Briefing Paper on RDM Technical Infrastructure...Archive Data Storage and Digital Preservation Many...
Transcript of Briefing Paper on RDM Technical Infrastructure...Archive Data Storage and Digital Preservation Many...
University Library.
Report to the University of Sheffield Research Data Management Service Delivery Group
Briefing Paper on RDM Technical Infrastructure
Date: 05/11/2014
Author: John A. Lewis
Briefing Paper on RDM Technical Infrastructure
The provision of a technical infrastructure for RDM is intended to satisfy the researchers’ RDM needs
and to make the work of the researcher and institution easier. An appropriately designed technical
infrastructure will help researchers to achieve good research practice simply by utilising the facilities
(without thinking about RDM), to fulfil their obligations to the institution and funders without extra
work, and to have all processes involved work together seamlessly.

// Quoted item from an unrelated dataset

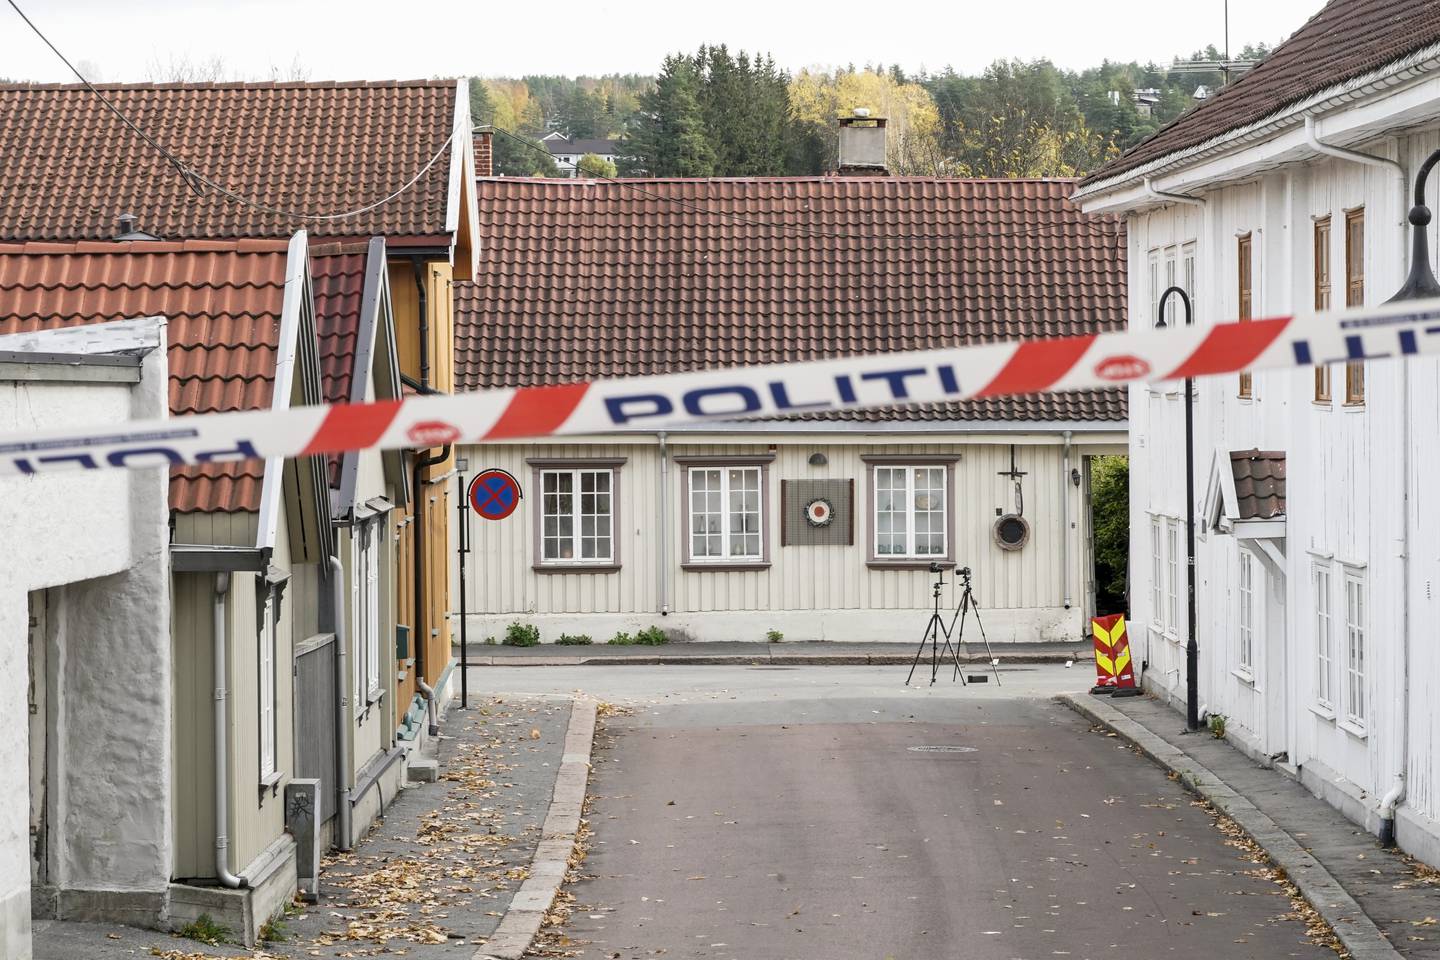 Kongsberg 20211015. 
Politiet fortsetter arbeidet i Kongsberg etter at en mann drepte fem personer onsdag.
Foto: Terje Pedersen / NTB

The Research Data Life-cycle
This is a means of visualising the flow of research data and the processes involved, during a generic
research project (see fig. 1). At various points during the Research Data Lifecycle, provision of
appropriate technical infrastructure may greatly benefit researchers’ workflows:-
1. Research Planning
It is widely accepted that RDM represents good research practice, and as such the creation of a Data
Management Plan (DMP) offers the researcher an opportunity to determine the most appropriate
data management procedures to apply during and after a research project. Creating a DMP will help
the researcher avoid errors, particularly research data loss disasters, and time-consuming
retrospective data management. A DMP will benefit the overall planning of the research project.

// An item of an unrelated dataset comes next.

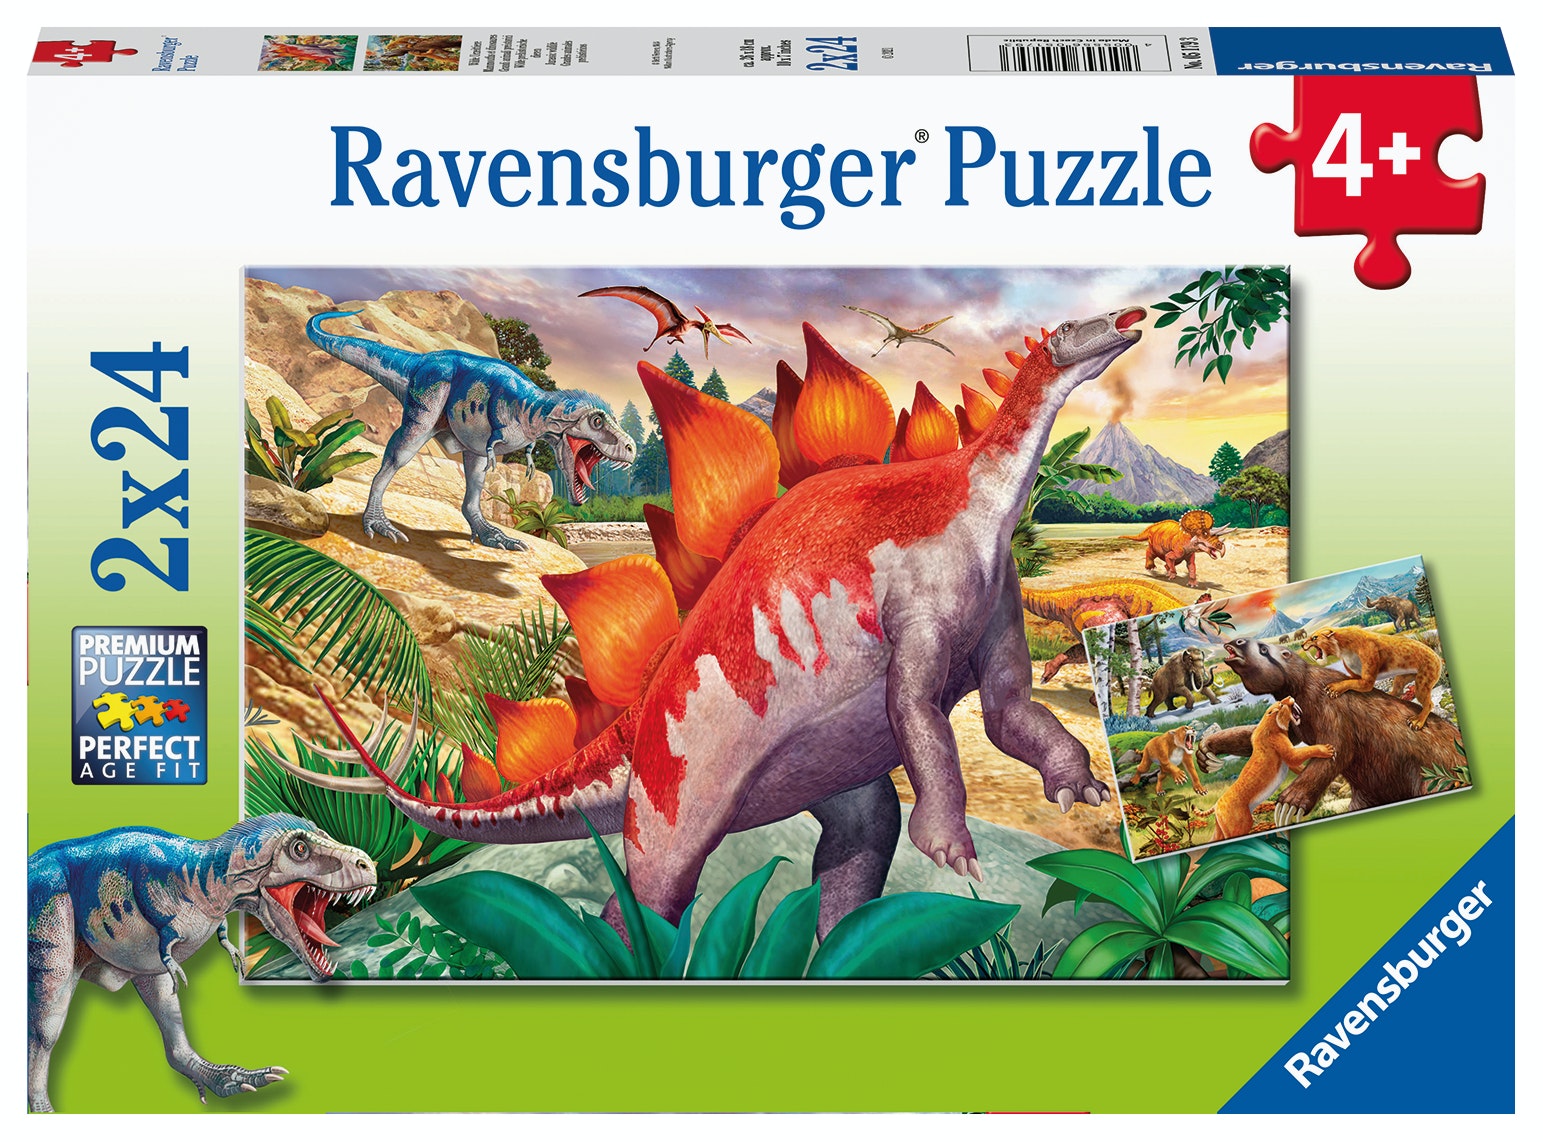 Ravensburger puzzel 2x24 stukjes wilde oertijddieren

2. Active Research Data Management
‘Active’ or ‘live’, data are the research data created or collected, and processed or derived during the
active phase of the research project. Once underway, a research project will collect or create raw
data, which, during the project, will usually be processed to create derived or processed data. There
may be many different iterations of processing, resulting in many sets of derived data, and,
eventually a set of ‘results’ data selected as the basis of the research publication(s) output by the
project. All these sets of data can be considered active data, which will need to be quickly accessible,
and easily shared between collaborators, involving stringent security arrangements.
3. Data Documentation
In order to identify, organise, find and retrieve active data, appropriate documentation is essential.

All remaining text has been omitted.